Catch-Up: A Rule that Makes Service Sports More Competitive
Steven J. Brams, Mehmet S. Ismail, D. Marc Kilgour, Walter Stromquist

TL;DR
This paper compares different serving rules in service sports, finding that the Catch-Up Rule enhances competitiveness and excitement by balancing win probabilities and game length, unlike traditional rules.
Contribution
It introduces and analyzes the Catch-Up Rule, demonstrating its advantages in fairness, competitiveness, and strategy-proofness over existing serving rules.
Findings
CR increases game length and competitiveness.
CR maintains equal winning probabilities for players.

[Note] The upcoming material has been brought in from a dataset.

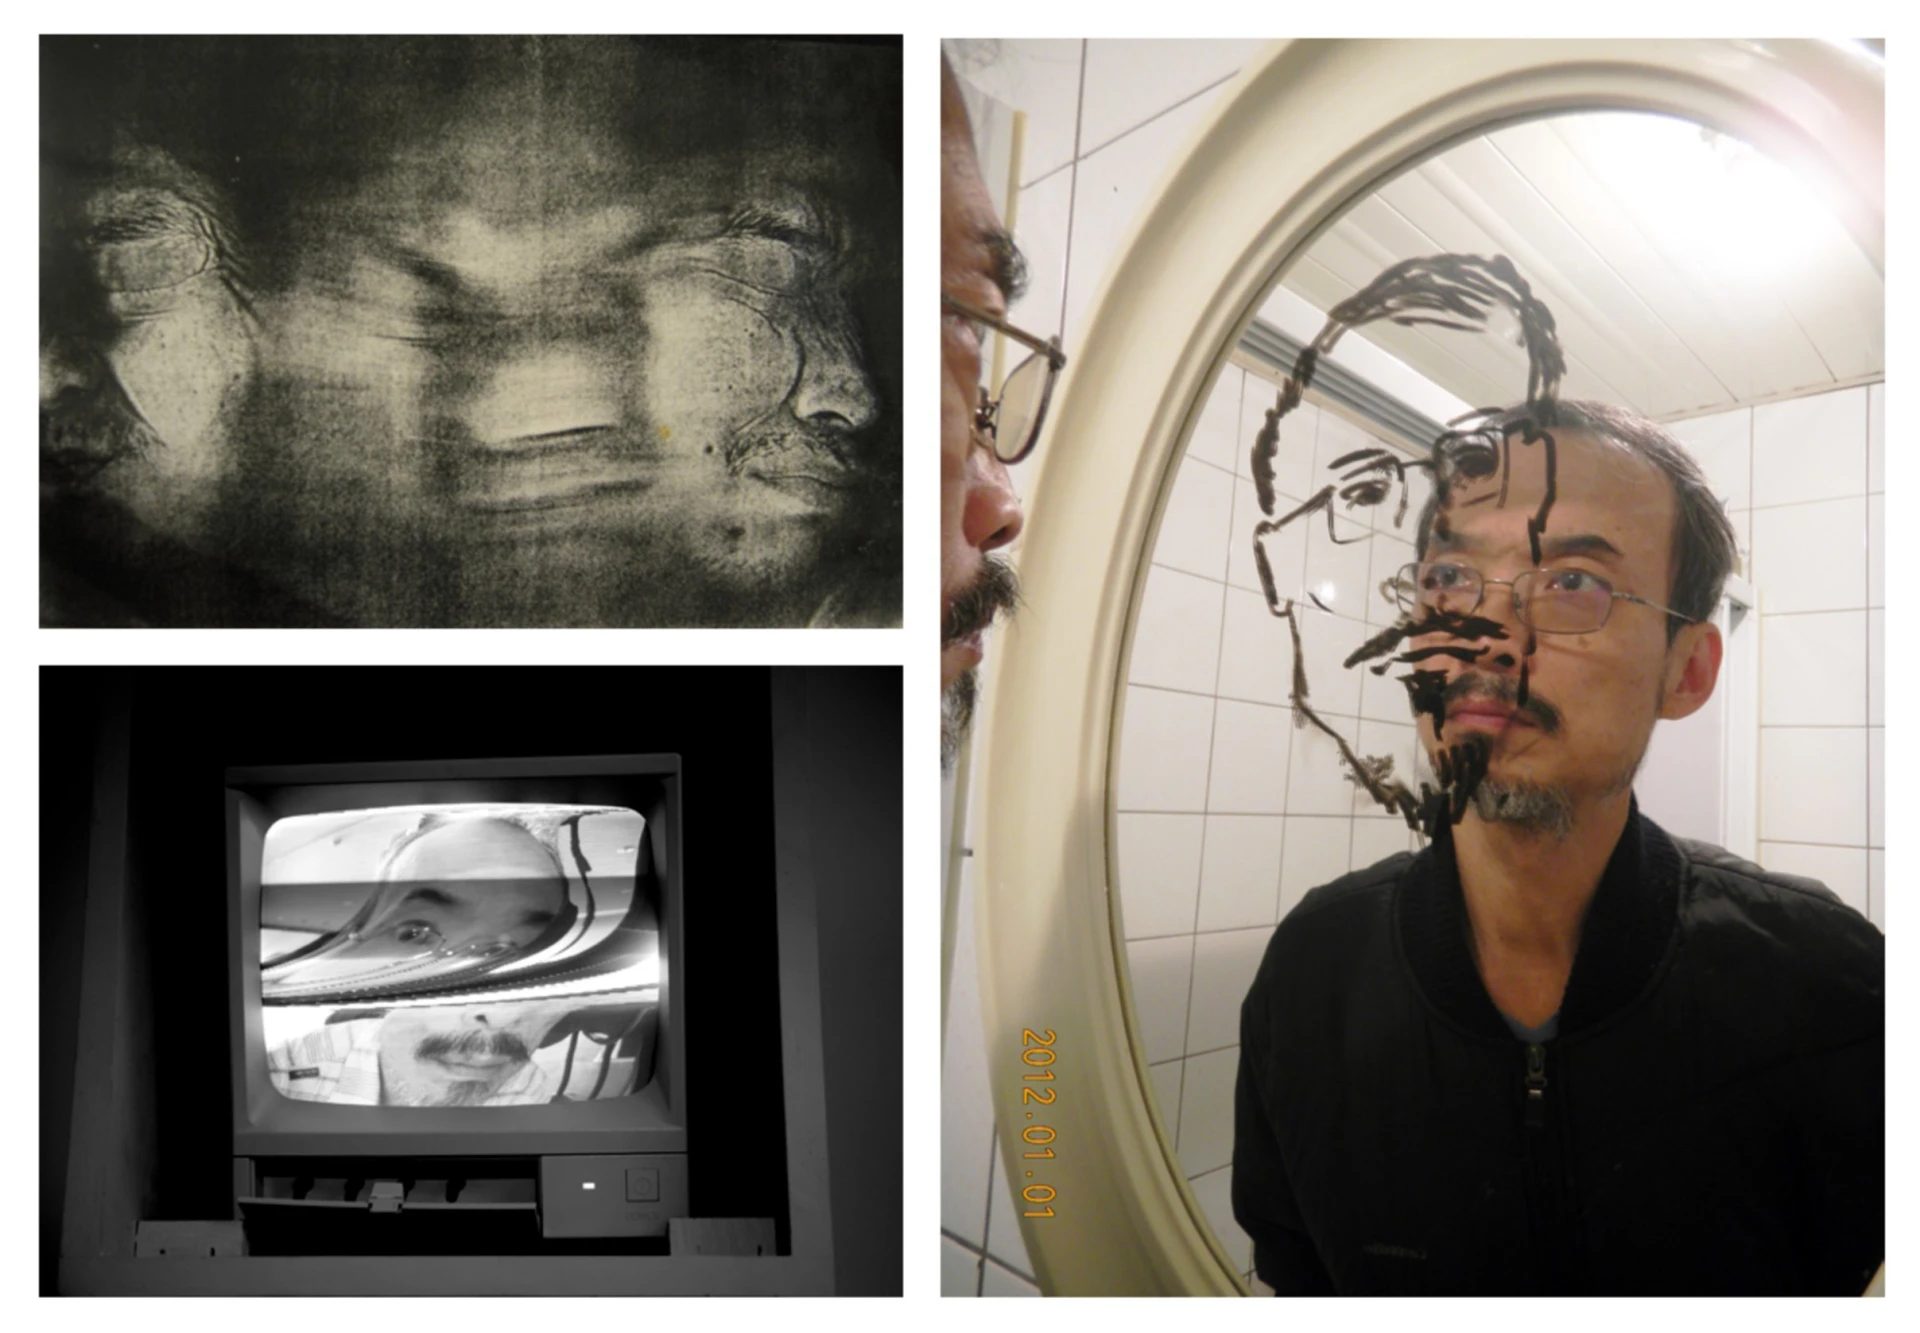 左上為影印機自印照，1979；左下為《整肅儀容》監視器螢幕，2015；右為高重黎之鏡像、圖像、影像、皮像-圖片

CR is strategy-proof, unlike some trailing rules.
Abstract
Service sports include two-player contests such as volleyball, badminton, and squash. We analyze four rules, including the Standard Rule (SR), in which a player continues to serve until he or she loses. The Catch-Up Rule (CR) gives the serve to the player who has lost the previous point - as opposed to the player who won the previous point, as under SR. We also consider two Trailing Rules that make the server the player who trails in total score. Surprisingly, compared with SR, only CR gives the players the same probability of winning a game while increasing its expected length, thereby making it more competitive and exciting to watch. Unlike one of the Trailing Rules, CR is strategy-proof. By contrast, the rules of tennis fix who serves and when; its tiebreaker, however, keeps play competitive by being fair - not favoring either the player who serves first or who serves second.